The intracellular amount of cAMP was determined either by using a cAMP enzyme immunoassay (Biotrak, Amersham, Freiburg, Germany) or with a luciferase reporter gene assay. To perform cAMP enzyme immunoassays BHK or CHO cells were transiently transfected with the corresponding plasmid 24 h in advance. When the cells were grown to confluency, they were resuspended in cAMP buffer (145 mM NaCl, 1 mM MgSO4, 5 mM KCl, 10 mM HEPES, 0.5% bovine serum albumin, 10 mM glucose, 0.1 mM 3-isobutyl-1-methylxanthine, pH 7.4, and incubated for 10 min at 37 °C. Then 2 million cells were incubated with 15 µM forskolin and 1 µM NPY for 1 h at 37 °C. Cells were preincubated with 1 µM NPY for 1 h and then forskolin was added. Incubation was stopped by addition of 100 µl of a 1 M solution of HCl. Cell lysis was done by freezing, followed by centrifugation, and the supernatant was diluted 1:5. Reactions were performed according to the protocol of the manufacturer for the cAMP enzyme immunoassay. The optical density was determined with a plate reader (Tecan SpectraFluorPlus) at 450 nm. The assay was done in duplicate and repeated three times. The reporter gene assay using the pCRELuc plasmid (Stratagene) was performed as reported recently (49).

Fluorescence Microscopy

Fluorescence microscopy with cells coexpressing CFP and YFP receptor fusion proteins was done on a Leica DM IRB microscope (Leica, Wetzlar, Germany). BHK cells were seeded on 24-well plates and transiently cotransfected with the corresponding constructs 24 h before studying by fluorescence microscopy. As excitation source a polychrome VI laser from Photonics was used. CFP was excited at 433 nm, and YFP was excited at 513 nm, and emission was detected with different filter sets (AHF Analysentechnik, Tübingen, Germany). A CFP filter with a D480/40 emitter and a 455 DCLP beamsplitter, a YFP filter with an HQ535/30 emitter and a Q515 1p beamsplitter and a FRET filter (emitter D535/30, beamsplitter 455 DCLP) were used. For FRET microscopy studies cells were excited at 433 nm, and for emission detection the YFP filter was used. Cells were washed two times with PBS and covered with 0.5 ml of PBS and then images were taken with a cooled digital Orca-ER camera (Hamamatsu, Herrsching, Germany). For imaging the openlab software (Improvision, Heidelberg, Germany) was used.

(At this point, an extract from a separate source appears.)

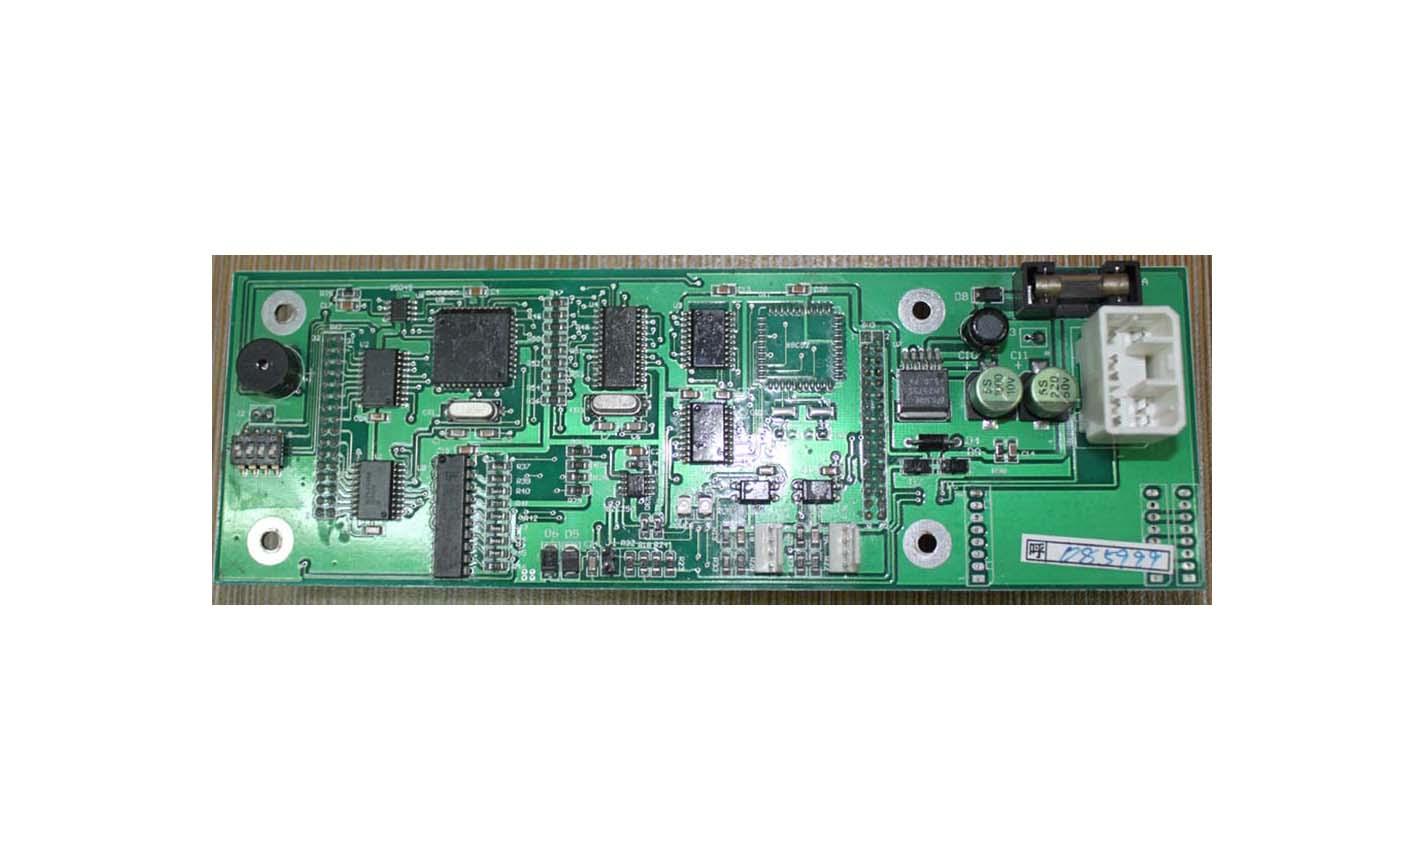 富菱达配件外呼板MCS-500图片/富菱达配件外呼板MCS-500样板图

For quantitative FRET measurement the method of sensitized FRET was used (34). Calculations of corrected FRET (FRETc) were carried out on a pixel-by-pixel basis for the entire image. The bleedthrough of CFP and YFP through the FRET filter channel was regarded exerting the following equation: FRETc = FRET - (bleedthrough CFP × CFP) - (bleedthrough YFP × YFP). FRETc images are displayed as YFP intensity-modulated images (51) in pseudocolor mode, where red areas display high values of FRET, and blue areas display low values of FRET. The overall intensity of FRET was calculated using openlab software.

Confocal Imaging

General-- BHK cells expressing both NPY receptor-C tail-GFP and NPY receptor-C tail-DSRed were imaged in a 6-well plate in PBS at room temperature in a Zeiss LSM 510 confocal microscope using a water immersion objective. GFP was excited with the 488-nm line of an argon laser, and DSRed was excited with the 568-nm line of a krypton laser. Emission was measured simultaneously in the green channel and in the red channel.

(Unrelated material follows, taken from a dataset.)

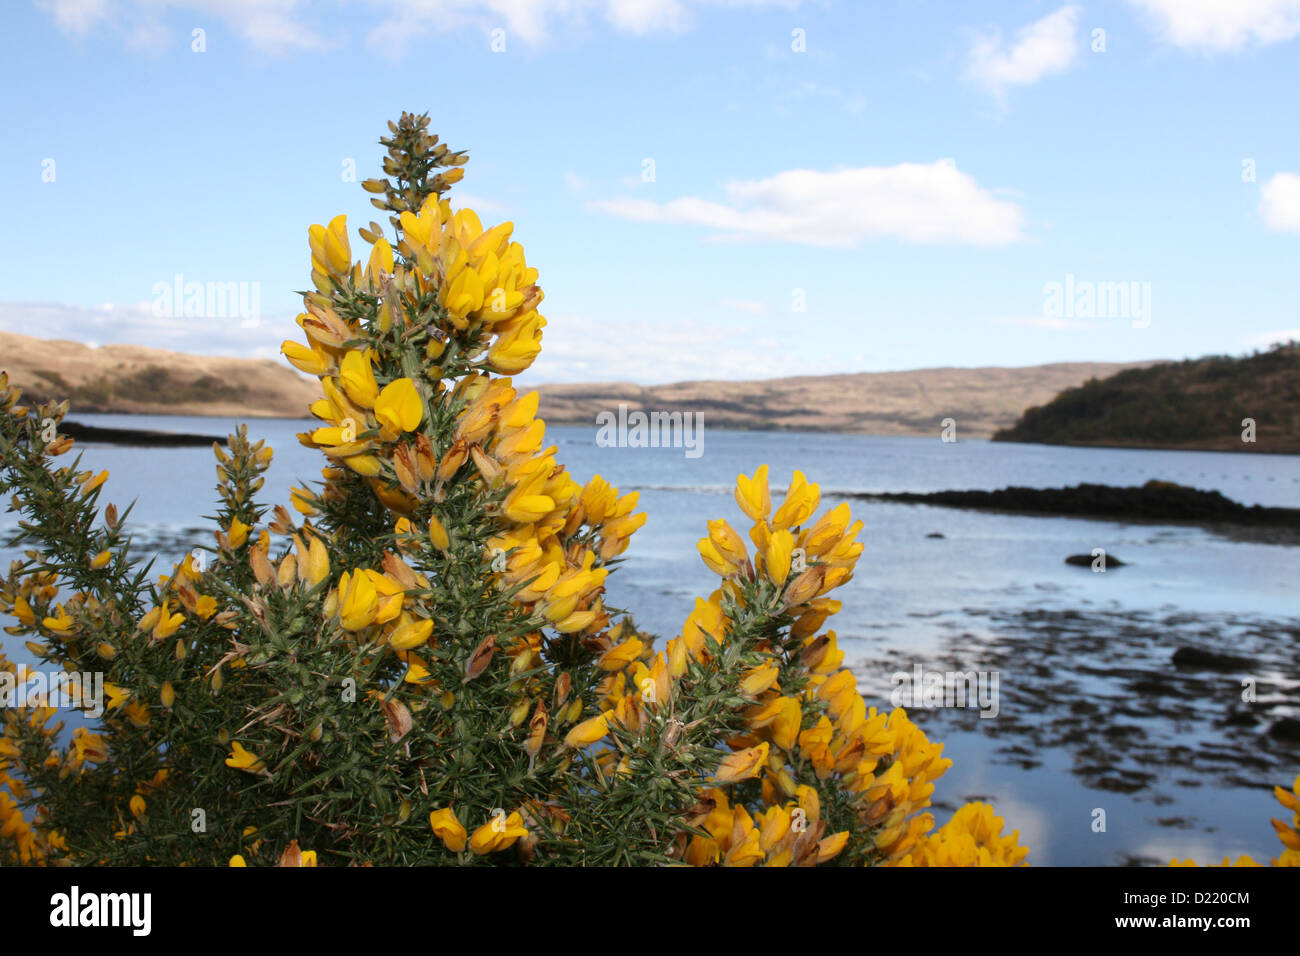 Fiori Gialli Scozia.Fiori Gialli In Scozia Foto Immagine Stock 52904676 Alamy

Photobleaching FRET Analysis-- FRET was measured in fixed cells by continuous illumination of the acceptor (red fusion protein) with the 568-nm line of the Kr laser, which was sufficient to bleach the acceptor. Images of GFP were taken before and after the red fluorescent protein was photobleached. The increase of donor fluorescence (green) after receptor (red) bleaching was interpreted as evidence of FRET occurring from GFP to DSRed.

Fluorescence Spectroscopy

The spectrofluorometric studies were carried out at a Fluorolog-3 spectrofluorometer (Jobin Yvon Spex, Longjumeau, France). For excitation a 450-watt xenon lamp was used.

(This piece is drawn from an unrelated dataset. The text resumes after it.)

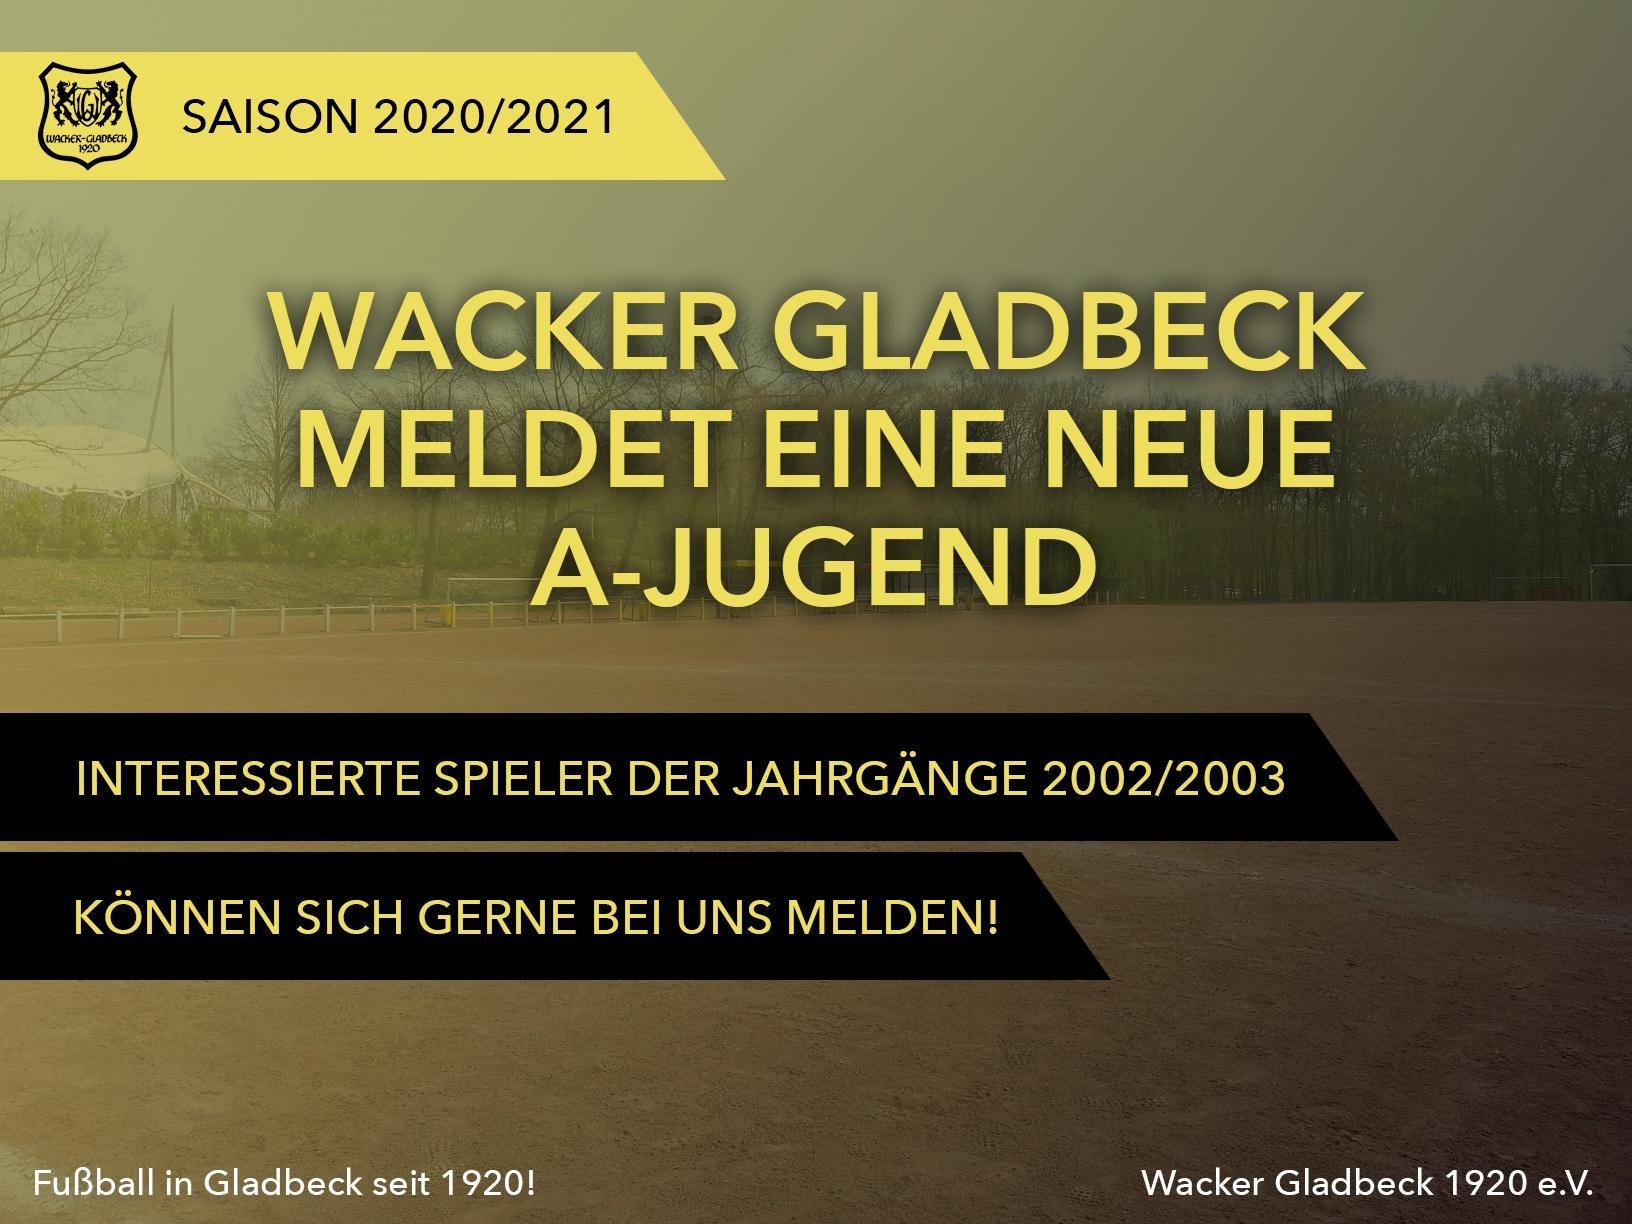 Wacker Gladbeck - Wacker Gladbeck meldet eine neue A-Jugend

To study FRET effects between the different NPY receptor subtypes BHK cells were seeded in 25-cm2 culture flasks. The cells were transiently cotransfected with equal amount of the same receptor subtype fused to CFP and YFP, respectively, 24 h before measurements.

The cells were washed with PBS, treated with trypsin/EDTA, and resuspended with Dulbecco's modified Eagle's medium containing fetal calf serum and protease inhibitors (Pefabloc 5 mM, pepstatin 0.7 µg/ml, E64 10 µg/ml). For each measurement 1.0 × 106 cotransfected cells from the same cell pool were incubated with 1 µM, 0.1 µM, and 0.1 nM NPY for 30 min, respectively, and in parallel, the cells were also incubated with 1 µM NPY for 10, 30, and 60 min. To investigate the effect of GTPgamma S cells were incubated with 50, 100, or 500 µM GTPgamma S in the presence of 1 µM NPY for 30 min. After incubation cells were centrifuged at 160 × g at room temperature for 5 min. Then the cell pellets were washed two times with 0.5 ml of PBS and for measurements resuspended in 1 ml of PBS containing protease inhibitors (Pefabloc 5 mM, pepstatin 0.7 µg/ml, E64 10 µg/ml).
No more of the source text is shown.